SUPPLIED DATA:
>>

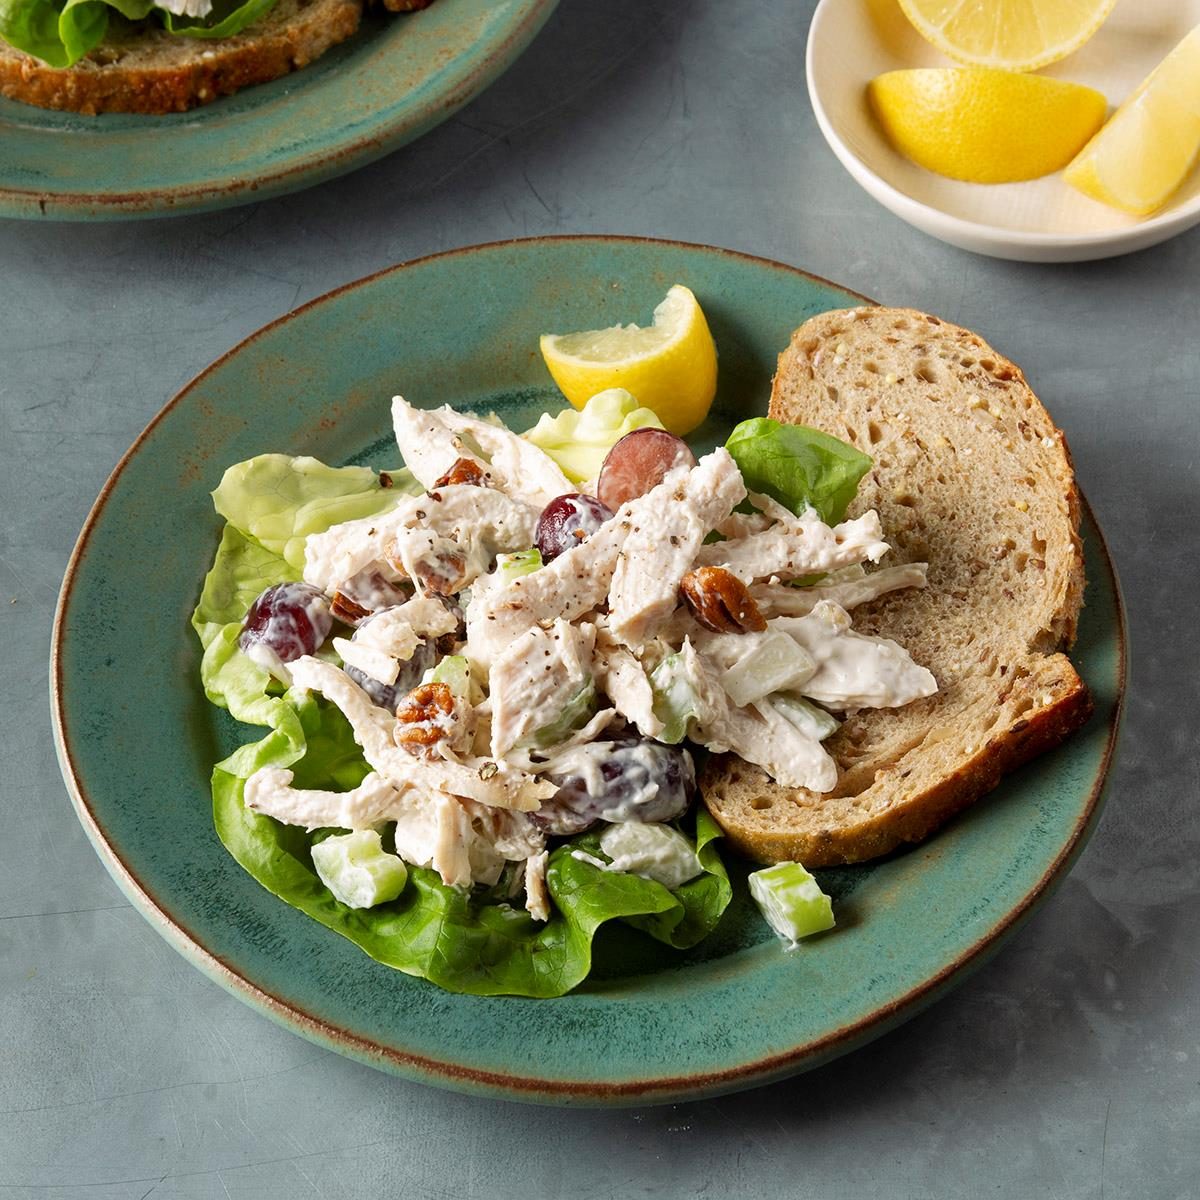 <p>This easy chicken salad recipe with grapes is ready in a snap when using rotisserie chicken and a few quick chops of pecans, sweet onion and celery. —Julie Sterchi, Jackson, Missouri</p> <div class="listicle-page__buttons"> <div class="listicle-page__cta-button"><a href='https://www.tasteofhome.com/article/easy-chicken-salad/'>Go to Recipe</a></div> </div> <p>Find more inspiration with these <a href="https://www.tasteofhome.com/collection/cold-lunch-ideas/">cold lunch ideas</a>.</p>
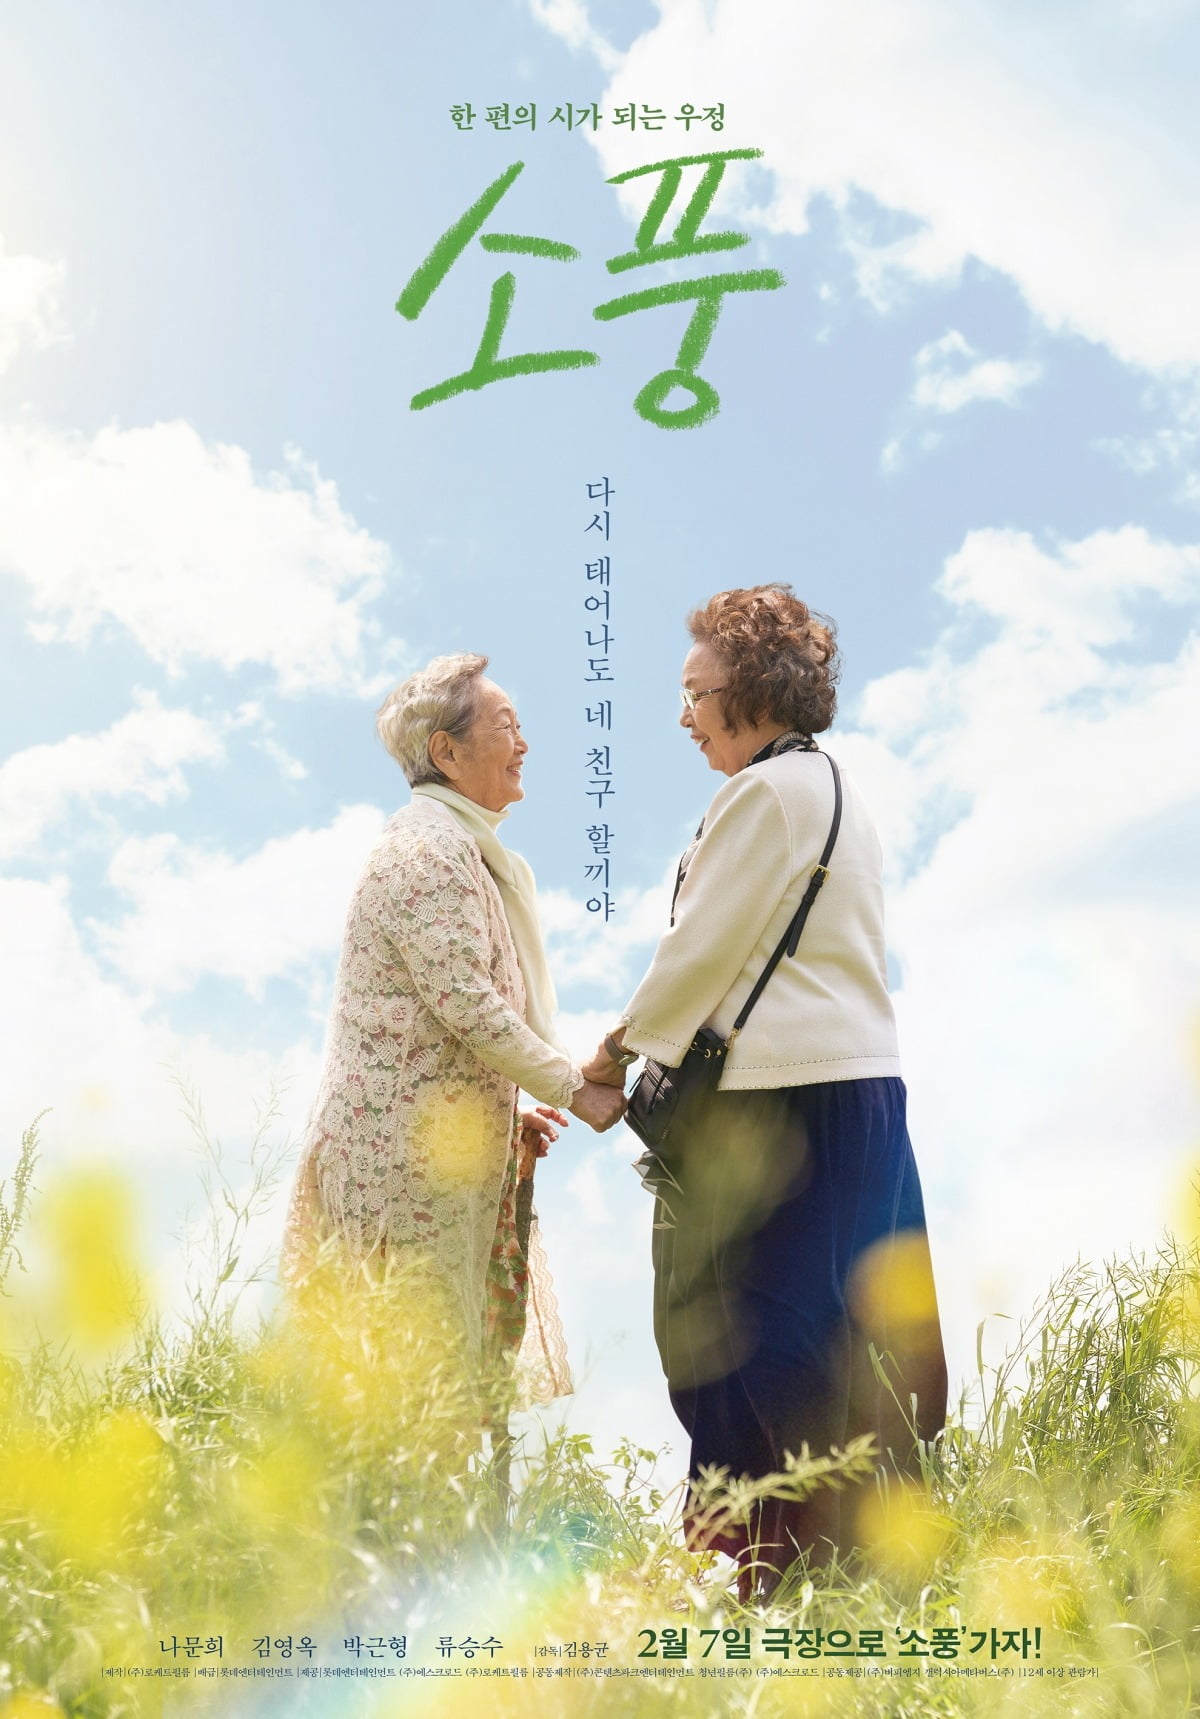 'Picnic' Kim Young-ok × Na Moon-hee "Even if we are reborn, we will still be friends"
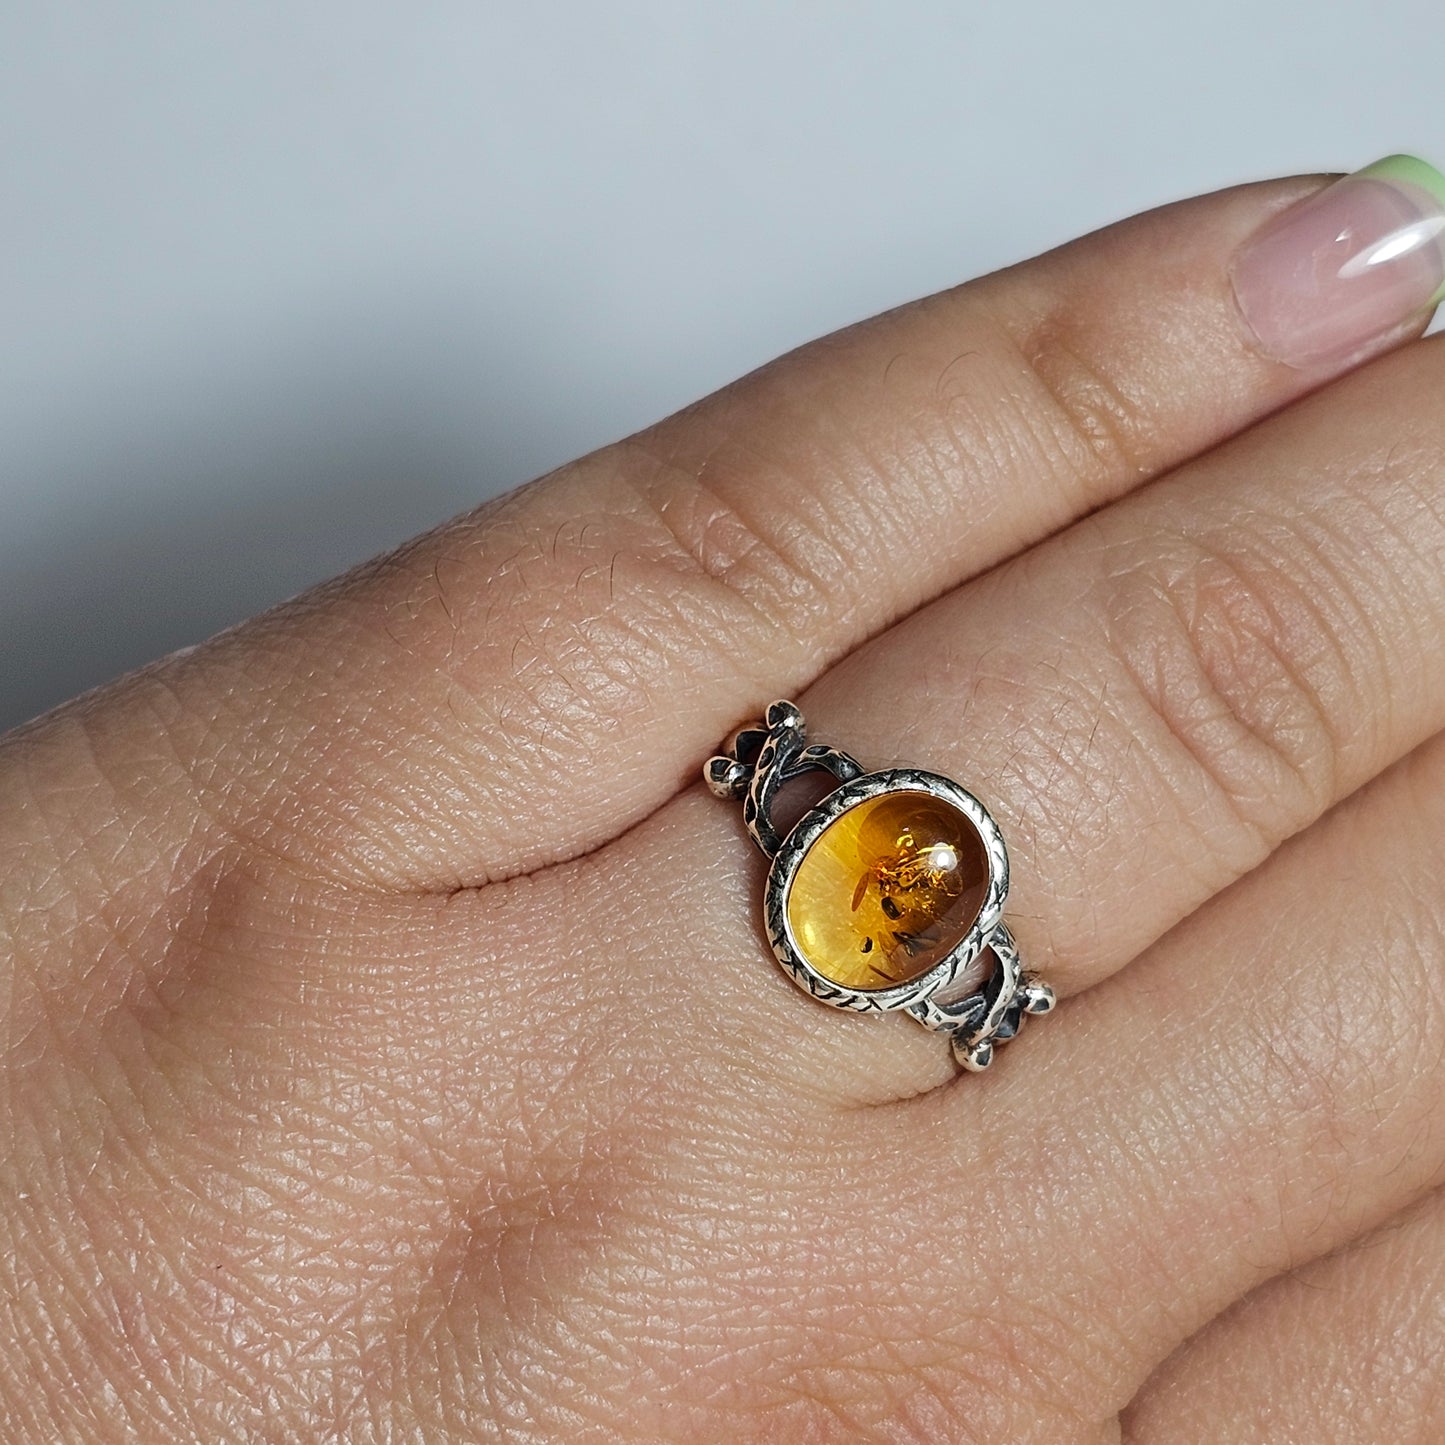 This adjustable ring is crafted from sterling silver and features a beautiful oval shaped light Amber stone with a textured bezel and criss-cross designed shoulders.

<<

INSTRUCTIONS FOR THE TASK: Retype the listing above exactly. Pictures are not part of the copy.

WRITTEN ANSWER:
 <p>This easy chicken salad recipe with grapes is ready in a snap when using rotisserie chicken and a few quick chops of pecans, sweet onion and celery. —Julie Sterchi, Jackson, Missouri</p> <div class="listicle-page__buttons"> <div class="listicle-page__cta-button"><a href='https://www.tasteofhome.com/article/easy-chicken-salad/'>Go to Recipe</a></div> </div> <p>Find more inspiration with these <a href="https://www.tasteofhome.com/collection/cold-lunch-ideas/">cold lunch ideas</a>.</p>
 'Picnic' Kim Young-ok × Na Moon-hee "Even if we are reborn, we will still be friends"
 This adjustable ring is crafted from sterling silver and features a beautiful oval shaped light Amber stone with a textured bezel and criss-cross designed shoulders.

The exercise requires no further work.